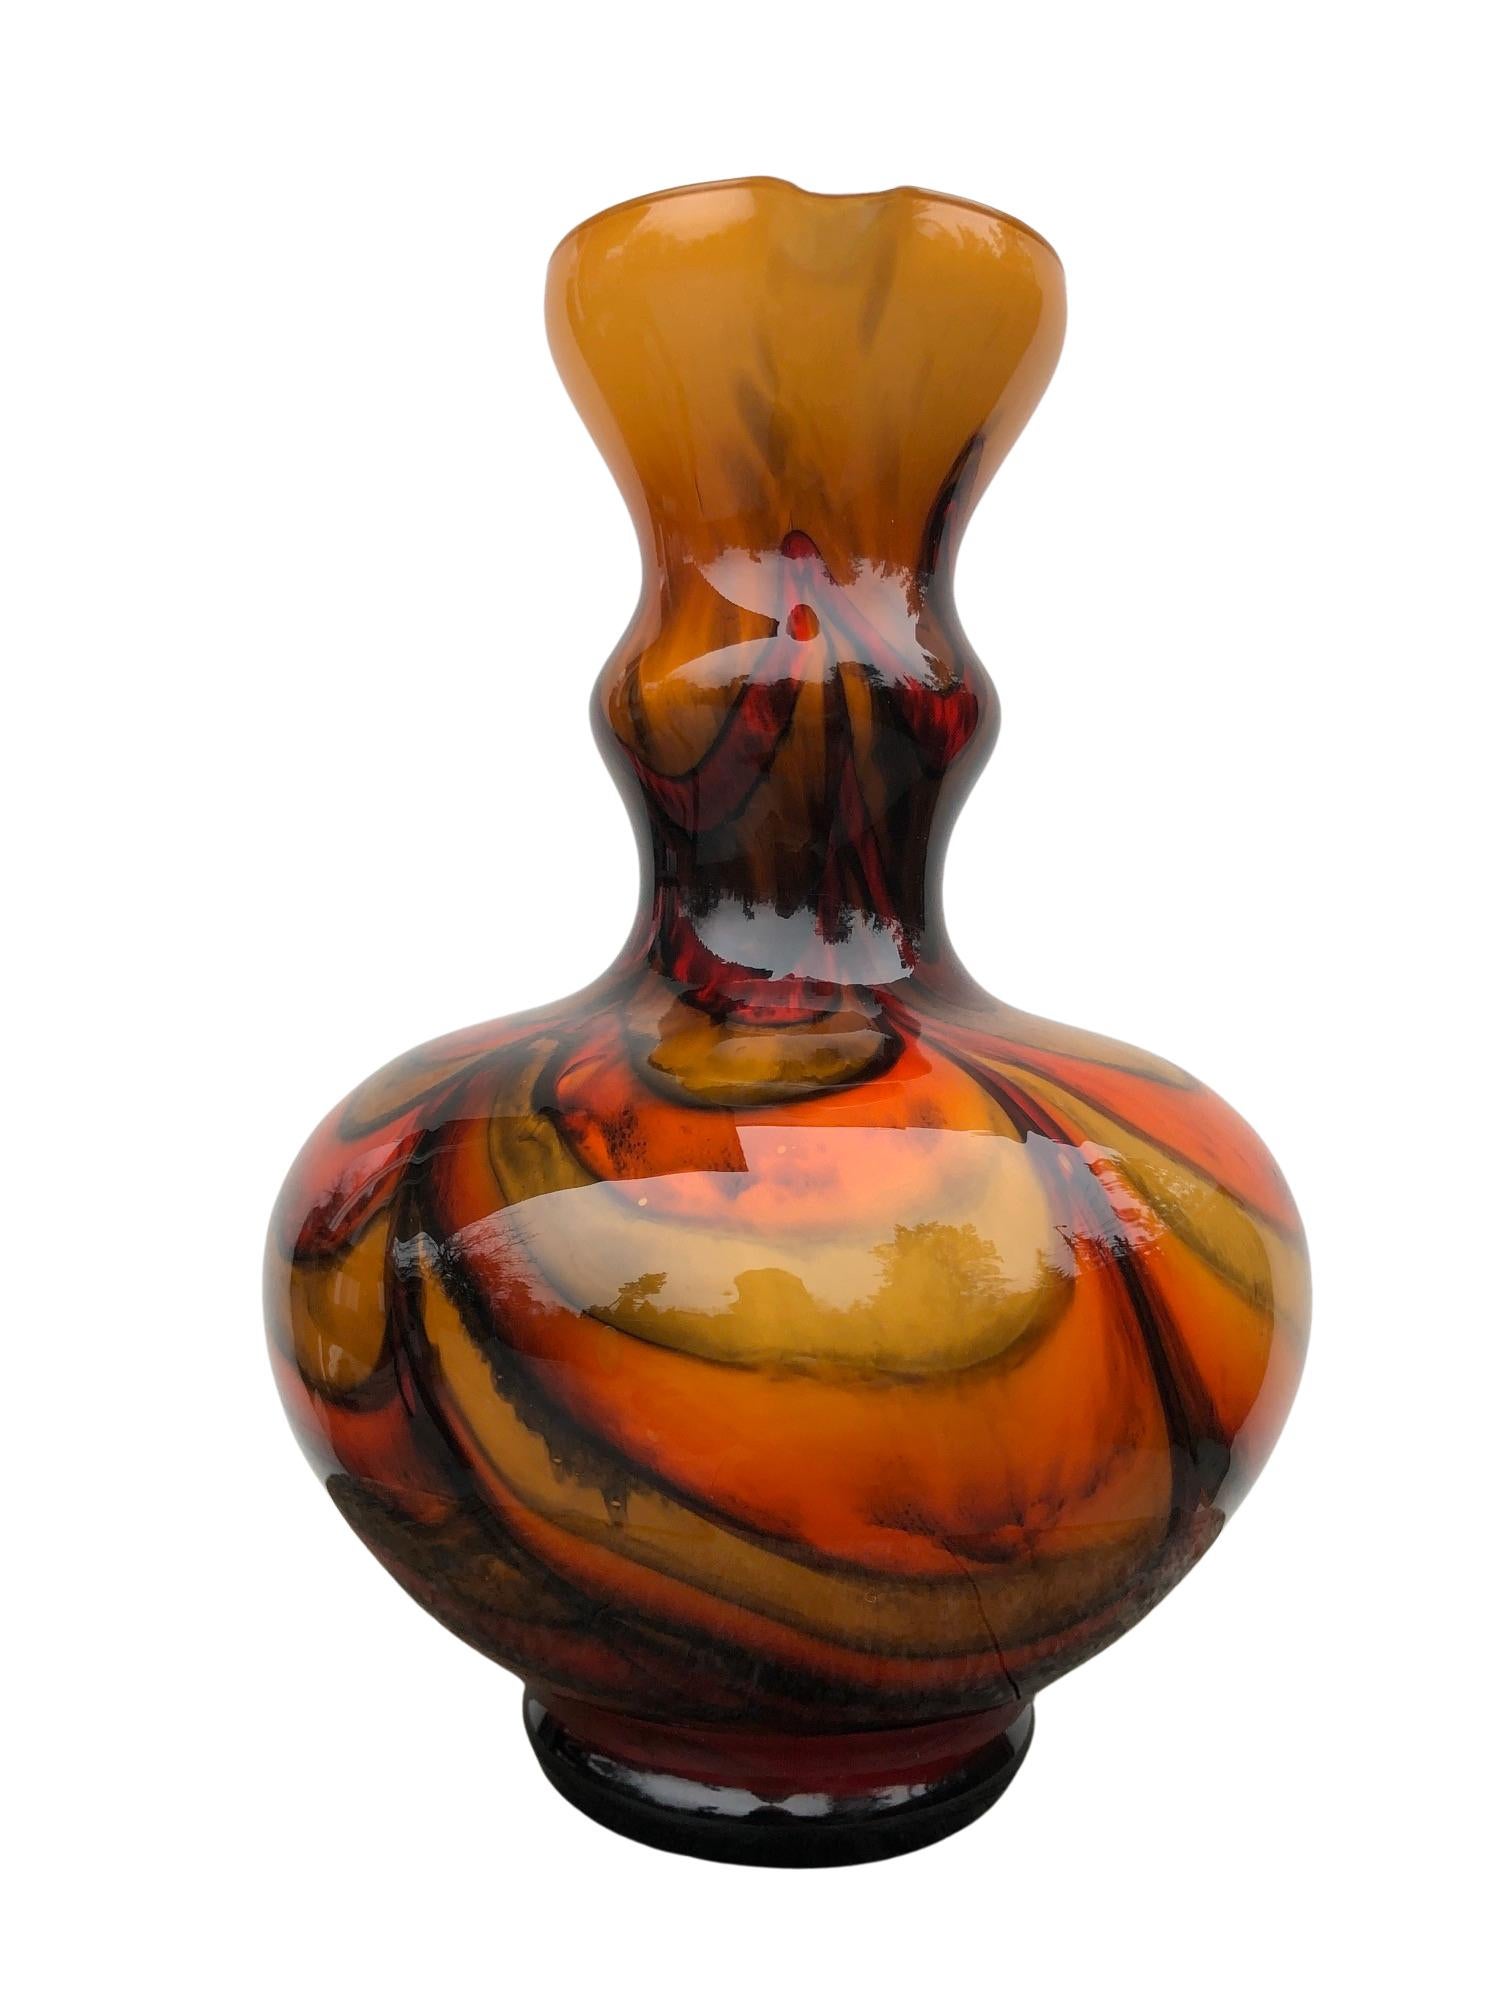 Beautiful Italian vase from VB Opaline Florence. 

Vivid orange, red and yellow colors.

Made of hand-formed glass.

Preserved in very good condition without any damage.
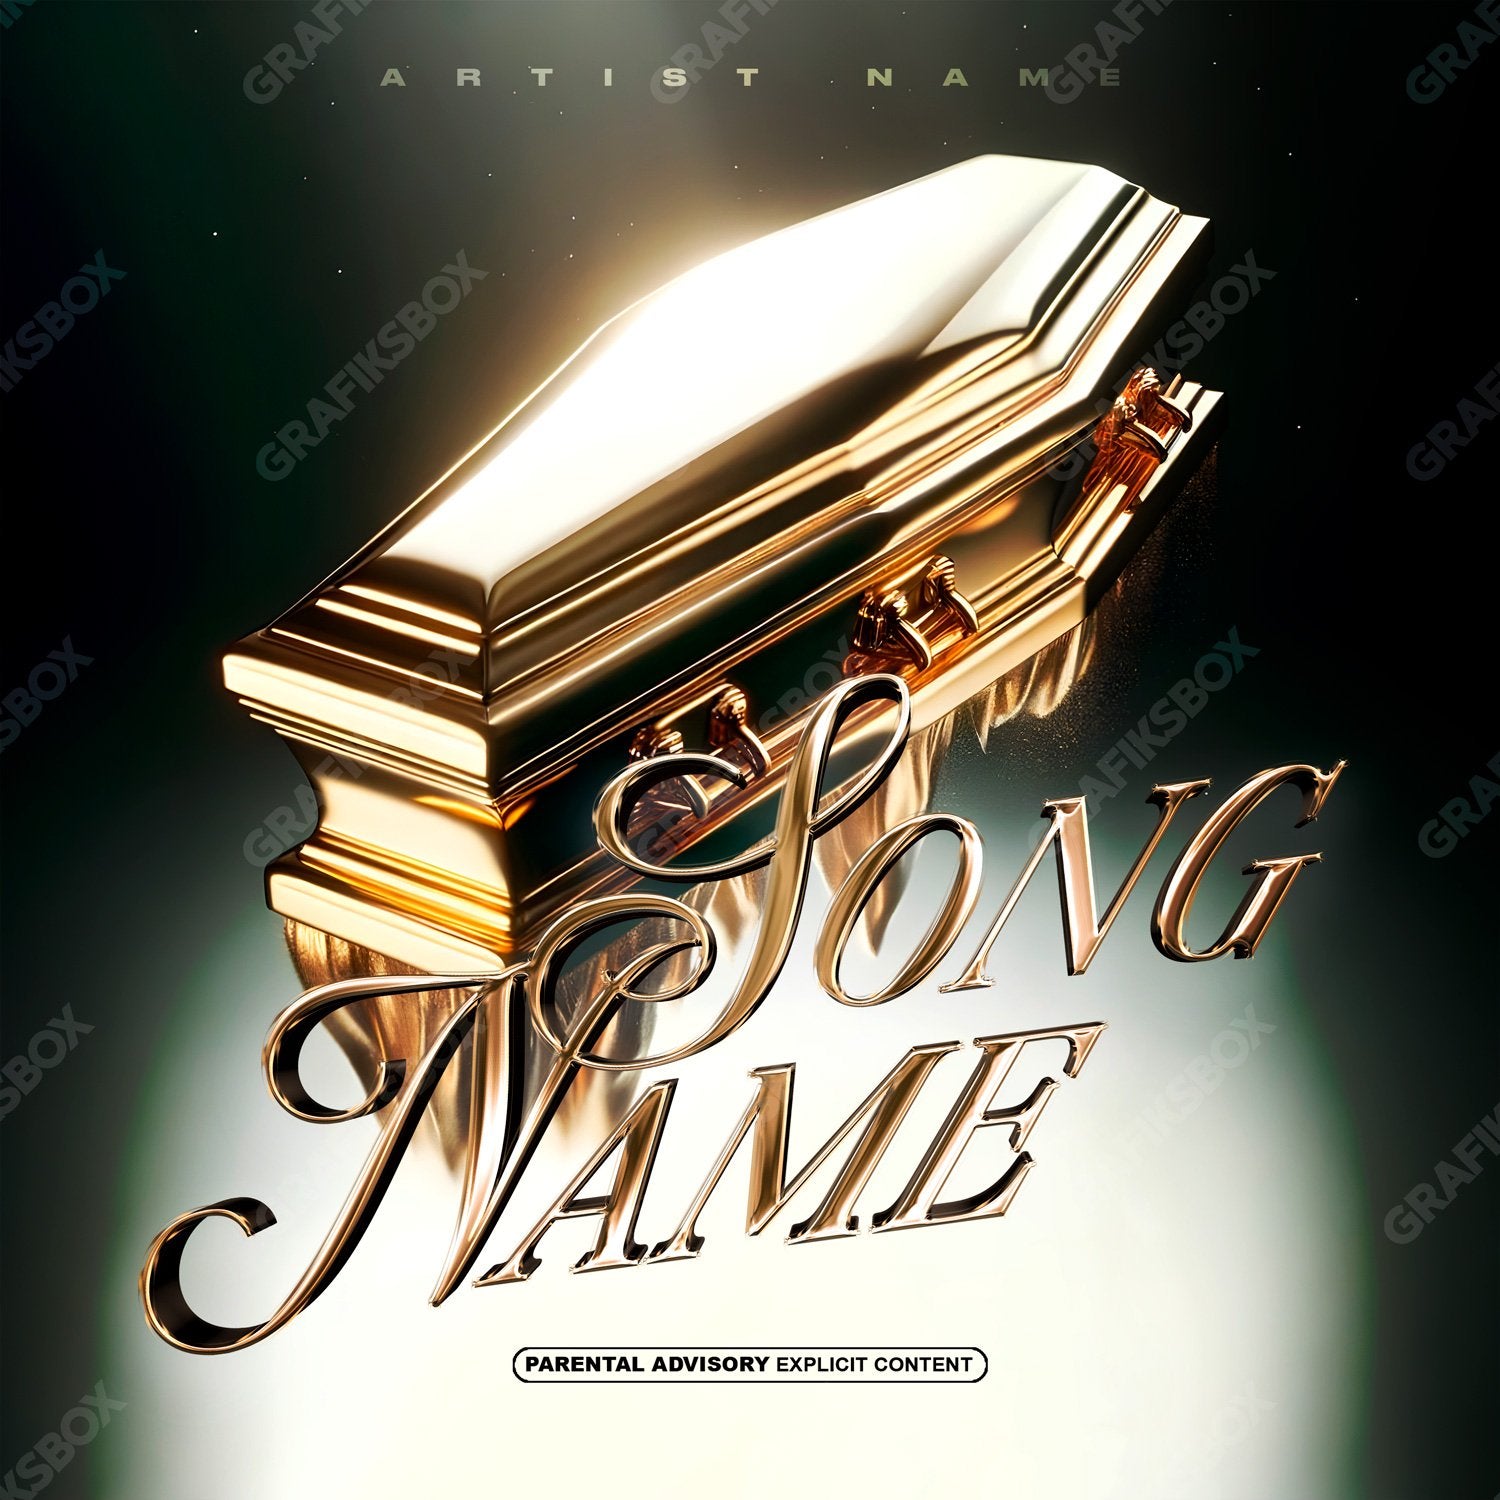 Gold tomb premade cover art

EXERCISE: Output the data exactly. Pictures don't belong in the result.

SOLUTION:
 Beautiful Italian vase from VB Opaline Florence. 

Vivid orange, red and yellow colors.

Made of hand-formed glass.

Preserved in very good condition without any damage.
 Gold tomb premade cover art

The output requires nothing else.